Rabbi Marx reminded us that prayers can also express complexity, reminding us that our responses can be far from simple.  Like clowns we can be smiling on the outside and crying on the inside.  Our minds can be two places at once.  Tel Aviv last night felt this way.  Everyone we have met, younger and older, is traumatized by the events of October 7thand the continuing war.  Yet, despite the trauma and pain, the cafes and restaurants around our hotel were filled with the traditional Thursday night crowd (Thursday, rather than Friday night is the traditional weekend night out here in Israel).   

 

This dichotomy too can be expressed in prayer.  Dalia shared a song, written by Yaakov Orland, as a response to a terrorist attack in the 50s which expresses both the need to cry and to laugh.  “Even if our head is bowed and sorrow is all around us – let’s catch on fire and shout out loud the happiness that’s found.”  As we listened to this song, I was reminded of another song with a similar refrain, “To life, to life, l'chaim.  L'chaim, l'chaim, to life.  Life has a way of confusing us, Blessing, and bruising us.  Drink, l'chaim, to life!”  (Jerrold Lewis Bock / Sheldon M Harnick).  

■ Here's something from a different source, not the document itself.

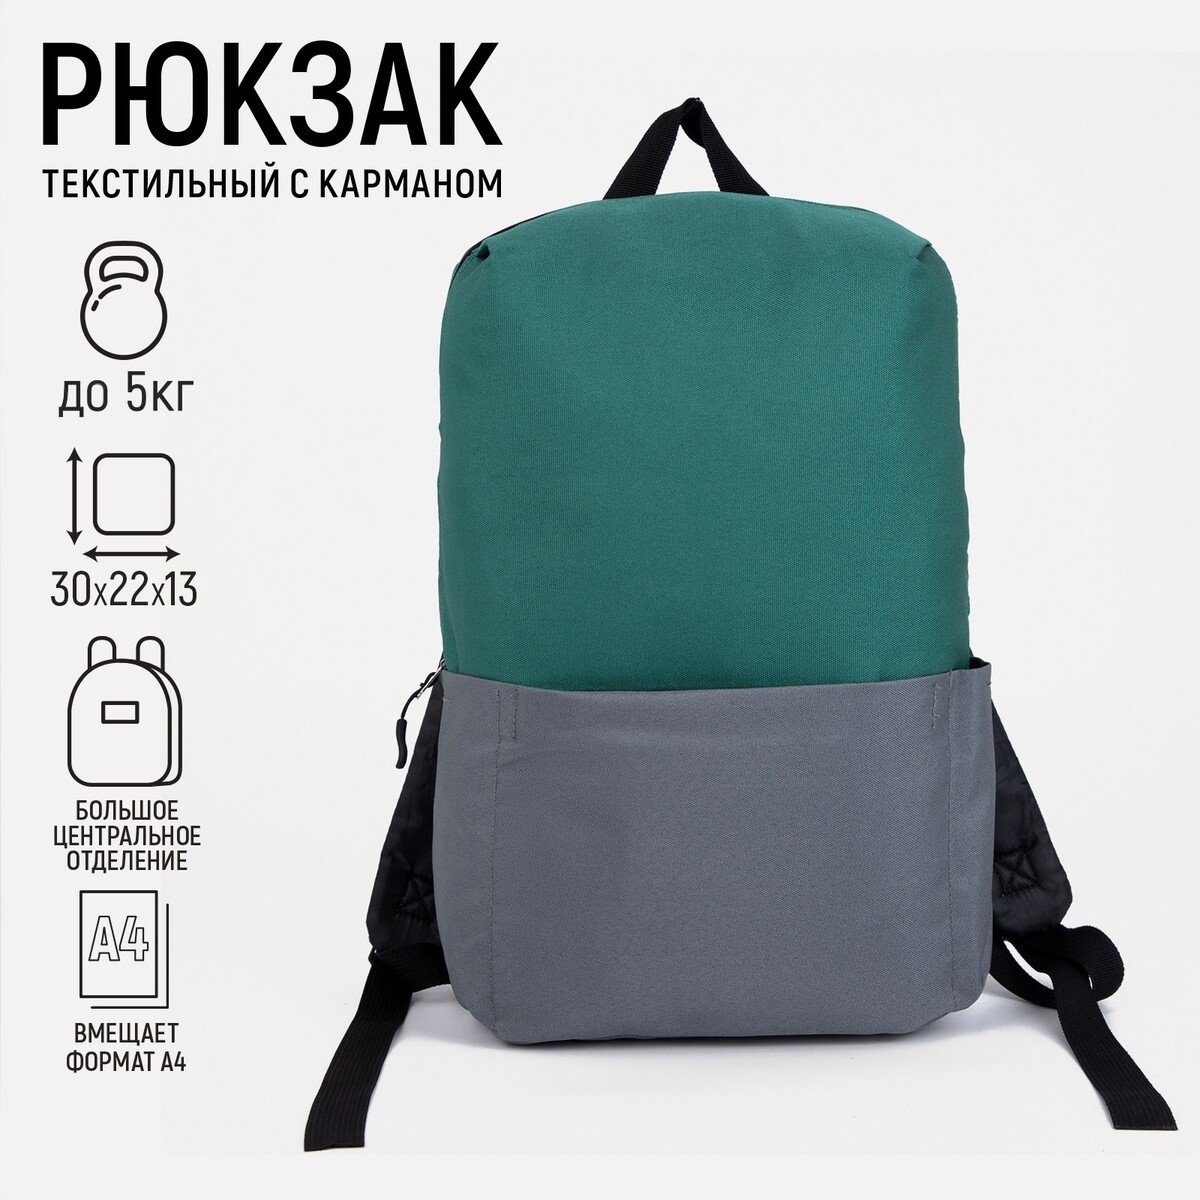 Рюкзак текстильный с карманом, серый/зеленый, 22х13х30 см рюкзак текстильный bright emotions 38 х 12 х 30 см

Lyrics for Shir Samei-ach)

 

Professor Marx concluded with the words of poet Yehuda Amichai (1924-2000) which I too want to share. 

 

“I want to sing a psalm of praise to all that remains here with us and doesn't leave, doesn't wander off like migratory birds, will not flee to the north or the south, will not sing "In the East is my heart, and I dwell at the end of the West." I want to sing to the trees that do not shed their leaves and that suffer the searing summer heat and the cold of winter, and to human beings who do not shed their memories and who suffer more than those who shed everything. But above all, I want to sing a psalm of praise to the lovers who stay together for joy, for sorrow and for joy. To make a home, to make babies, now and in other seasons.”  (Translated from the Hebrew by Chana Bloch and Chana Kronfeld)

 

We need to take all these “words,” and allow them to help us, not perhaps to find simple meanings and explanations, but instead to enable us to continue to build meaningful and fulfilling lives here in Israel and across the globe.